Ms. Castro is now struggling to balance the pressure for greater reproductive rights from civil society and feminist organizations against “the great power acquired by the church in the aftermath of the coup,” said Joaquín Mejía, a Honduran human rights lawyer.

“I don’t think she can continue ignoring these pressures for much longer,” he added.

The controversy over emergency contraception comes as Argentina, Colombia and Mexico have widened access to abortion in recent months, energizing abortion activists across Latin America and hardening opposition in the countries that continue banning it.

Anti-abortion groups in Honduras say legalizing emergency contraception would open a path to legalizing clinical abortion in the future.

“Not everything that is legalized in the developed countries should be imitated,” said Michelle Zacapa, president of Honduras’s largest anti-abortion group, Pro Vida. “A Honduran loves life, and opposes all these ideologies that are being imposed on us.”

Her organization did not provide any opinion polls supporting its positions, but she said that sexual abuse should be fought with tougher punishments for the perpetrators, not with emergency contraception.

Periodic opinion polls commissioned by the Center for Women’s Rights, which supports emergency contraception and abortion, show that a slight majority of urban Hondurans support emergency contraception, as well as abortion in cases when a pregnancy threatens the woman’s health.

Feminist activists and advisers to Ms.
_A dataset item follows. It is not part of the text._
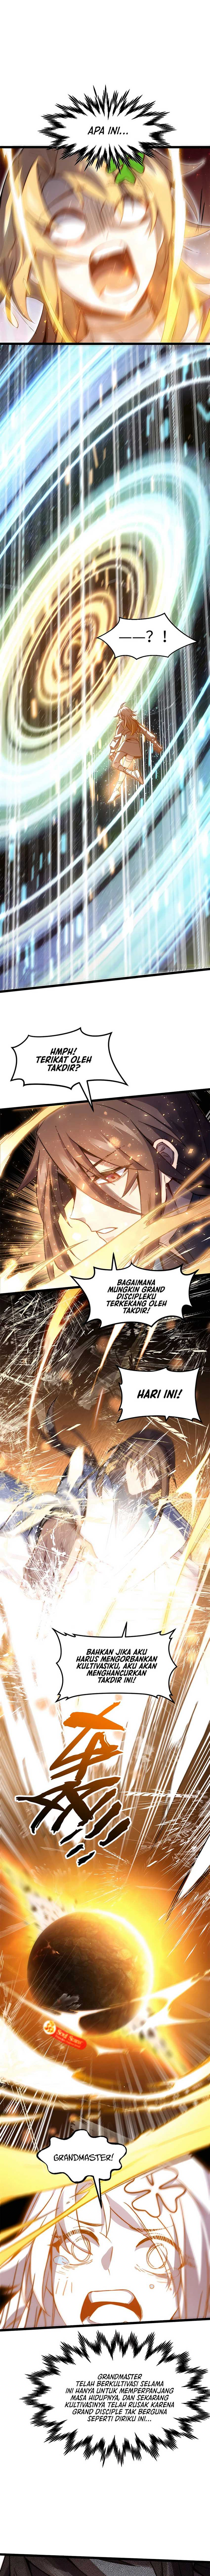 Dilarang COPAS - situs resmi www.mangacanblog.com - Komik top tier providence secretly cultivate for a thousand years 126 - chapter 126 127 Indonesia top tier providence secretly cultivate for a thousand years 126 - chapter 126 Terbaru 13|Baca Manga Komik Indonesia|Mangacan

Castro said the president remains committed to women’s rights, but acknowledge that she has to tread carefully to avoid provoking the conservative forces that toppled her husband.
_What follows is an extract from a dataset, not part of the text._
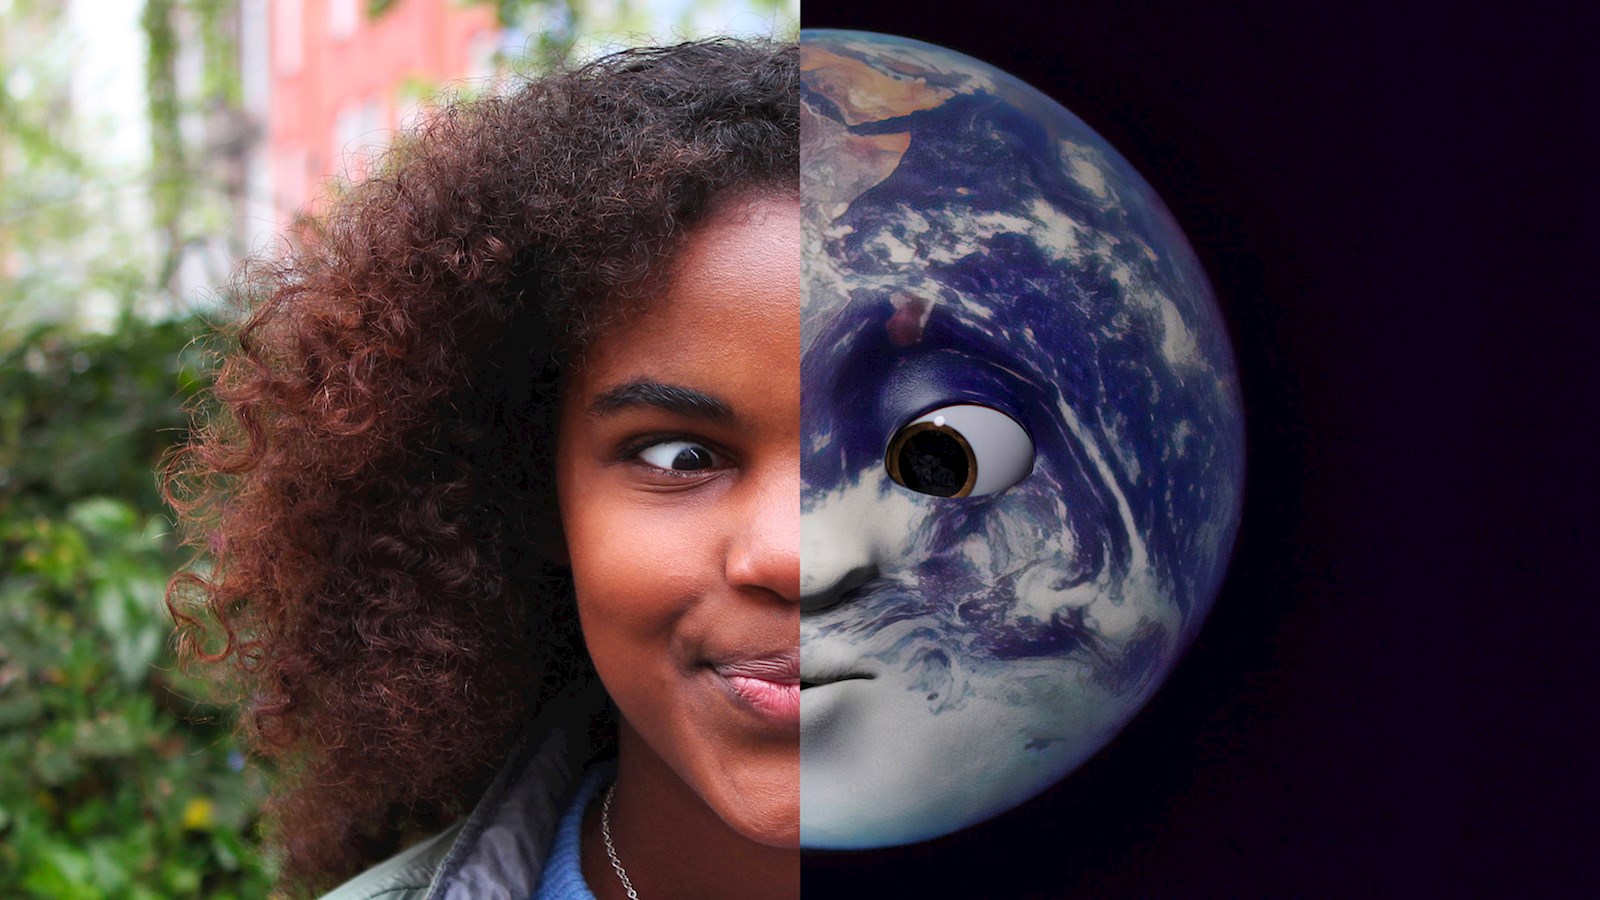 Half of the image is of a girls face and the other half is of the world with a face

The government’s advancement of women’s rights will be gradual, said Ms. Roque, the human rights minister. The first step under review by the government would be legalizing emergency contraception for victims of sexual abuse, and expanding sexual education before making it widely available at a later, unspecified date, she said.

Since taking power, Ms. Castro has faced difficulties in other areas. She has struggled to revive an economy that was devastated by the pandemic and recent hurricanes and is now hurting from rising food and fuel costs. In January, Ms. Castro barely stopped a rebellion within her party, and in recent weeks her government moved to extradite her predecessor, Juan Orlando Hernández, to the United States to face drug-related charges, a move that threatens to create tensions between her and segments of the country’s security forces.

Despite the setbacks, some of Ms. Castro’s feminist supporters remain confident in her. Three who met with the president on March 8 said she appeared committed to advancing her gender policy, but was held back by the reticence of the more conservative sections of her coalition and bureaucracy.

“She is very conscious of all the sexual violence suffered by the women,” said Jinna Rosales, the sexual health researcher. “She said that in a country with the first female president in its history, sexual and reproductive rights cannot continue to be trampled.”

Anatoly Kurmanaev reported from Mexico City, and Joan Suazo from Tegucigalpa, Honduras.